European Journal of Human Genetics ( IF 5.2 ) Pub Date : 2020-07-30 , DOI: 10.1038/s41431-020-0700-2
Michael Erlichster 1, 2 , Justin Bedo 3, 4 , Efstratios Skafidas 1, 5, 6 , Patrick Kwan 2, 6, 7 , Adam Kowalczyk 1, 4, 8, 9 , Benjamin Goudey 9, 10
Affiliation  

Human Leucocyte Antigen (HLA) testing is useful in the clinical work-up of coeliac disease (CD) with high negative but low positive predictive value. We construct a genomic risk score (GRS) using HLA risk genotypes to improve CD prediction and guide exclusion criteria. Imputed HLA genotypes for five European CD case-control GWAS (n > 15,000) were used to construct and validate an interpretable HLA-based risk model (HDQ15), which shows statistically significant improvements in predictive performance upon all previous HLA-based risk models.
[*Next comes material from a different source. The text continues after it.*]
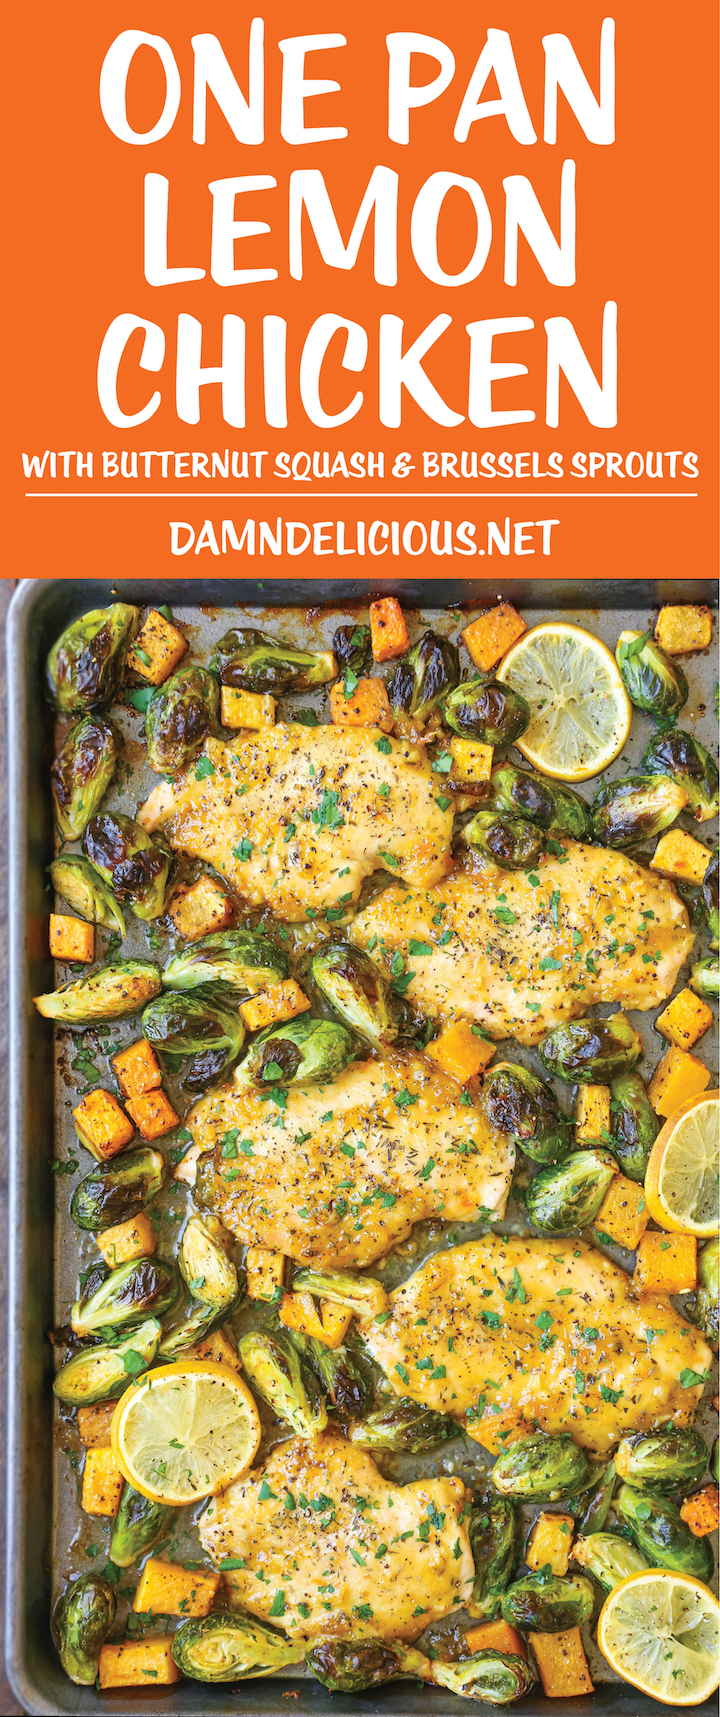 One Pan Lemon Chicken with Butternut Squash and Brussels Sprouts - An easy peasy one pan meal! And the chicken breasts come out so tender and flavorful!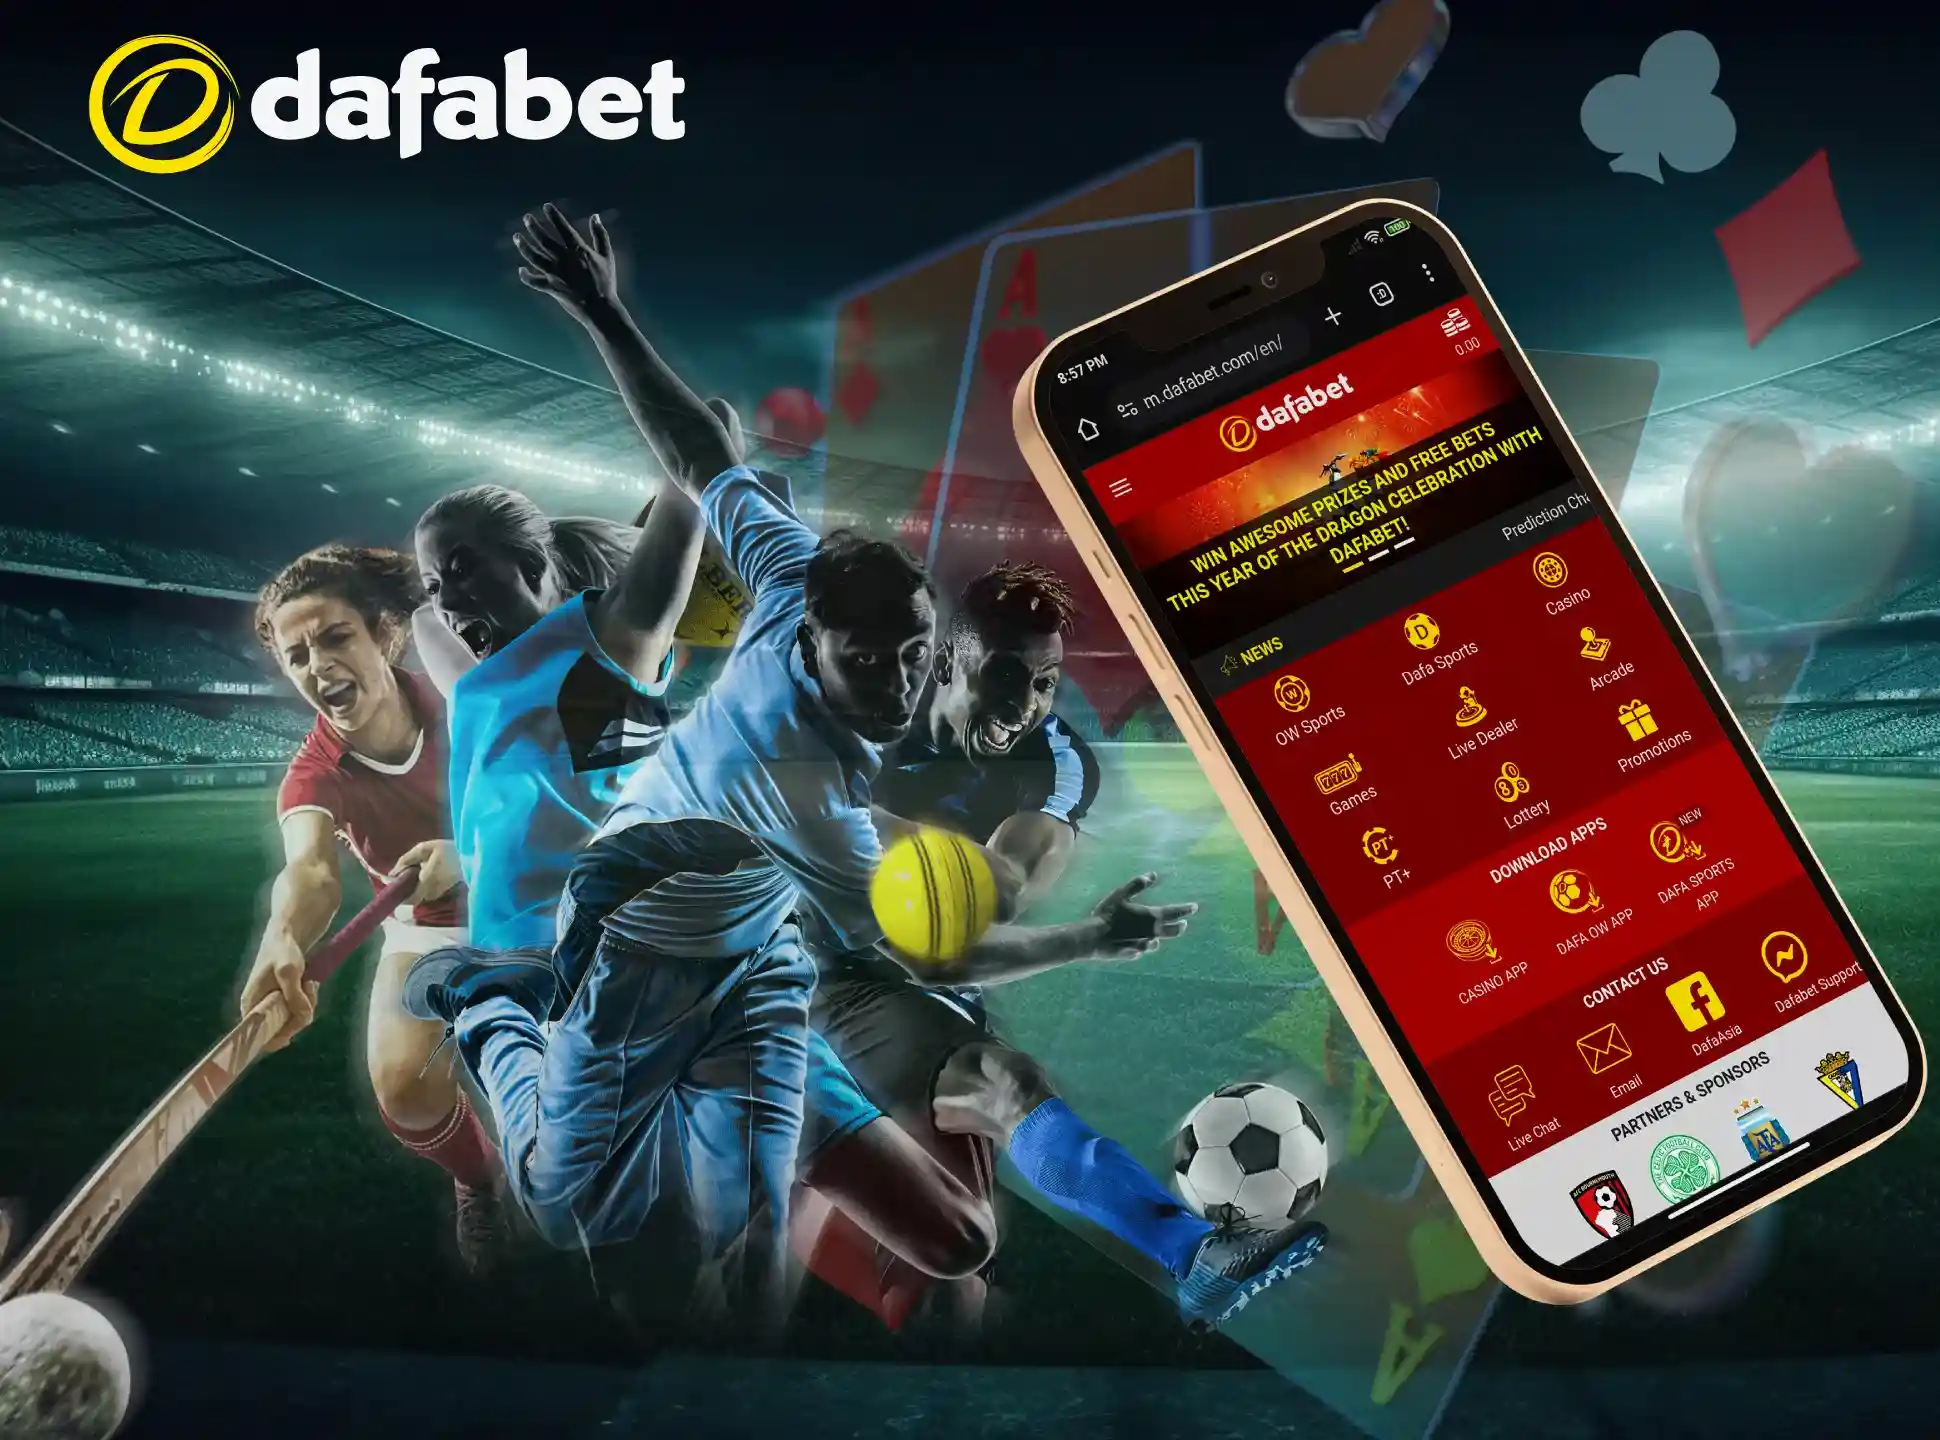 To get closer to winning take advantage of useful Dafabet tips and tricks.

Conditioning on this model, we find two novel associations, HLA-DQ6.2 and HLA-DQ7.3, that interact significantly with HLA-DQ2.5 (p = 2.51 × 10−9, 1.99 × 10−7, respectively). Integrating these novel alleles into a new risk model (HDQ17) leads to predictive performance equivalent or better than the strongest reported GRS (GRS228) using 228 single nucleotide polymorphisms (SNPs). We also demonstrate that our proposed HLA-based models can be implemented using only six HLA tagging SNPs with statistically equivalent predictive performance. Using insights from our model to guide exclusionary criteria, we find the positive predictive value of CD testing in high-risk populations can be increased by 55%, from 17.5 to 27.1%, while maintaining a negative predictive value above 99%. Our results suggest that HLA typing is currently undervalued in CD assessment.



中文翻译:

改进的基于 HLA 的乳糜泻预测确定了两种新的遗传相互作用。

人类白细胞抗原 (HLA) 检测可用于腹腔疾病 (CD) 的临床检查,具有高阴性但阳性预测值低。我们使用 HLA 风险基因型构建基因组风险评分 (GRS),以改进 CD 预测并指导排除标准。五个欧洲 CD 病例对照 GWAS ( n  > 15,000) 的估算 HLA 基因型用于构建和验证可解释的基于 HLA 的风险模型 ( HDQ 15 ),该模型显示在统计上显着改善了所有以前基于 HLA 的风险模型的预测性能. 在这个模型的条件下,我们发现两个新的关联,HLA-DQ6.2 和 HLA-DQ7.3,它们与 HLA-DQ2.5 显着相互作用(p  = 2.51 × 10 -9 , 1.99 × 10 -7, 分别)。将这些新的等位基因整合到新的风险模型 ( HDQ 17 ) 中,预测性能相当于或优于使用 228 个单核苷酸多态性 (SNP)的最强报告 GRS ( GRS 228 )。我们还证明了我们提出的基于 HLA 的模型可以仅使用六个具有统计等效预测性能的 HLA 标记 SNP 来实现。使用我们模型中的见解来指导排除标准,我们发现高风险人群中 CD 检测的阳性预测值可以提高 55%,从 17.5% 增加到 27.1%,同时将阴性预测值保持在 99% 以上。我们的结果表明 HLA 分型目前在 CD 评估中被低估了。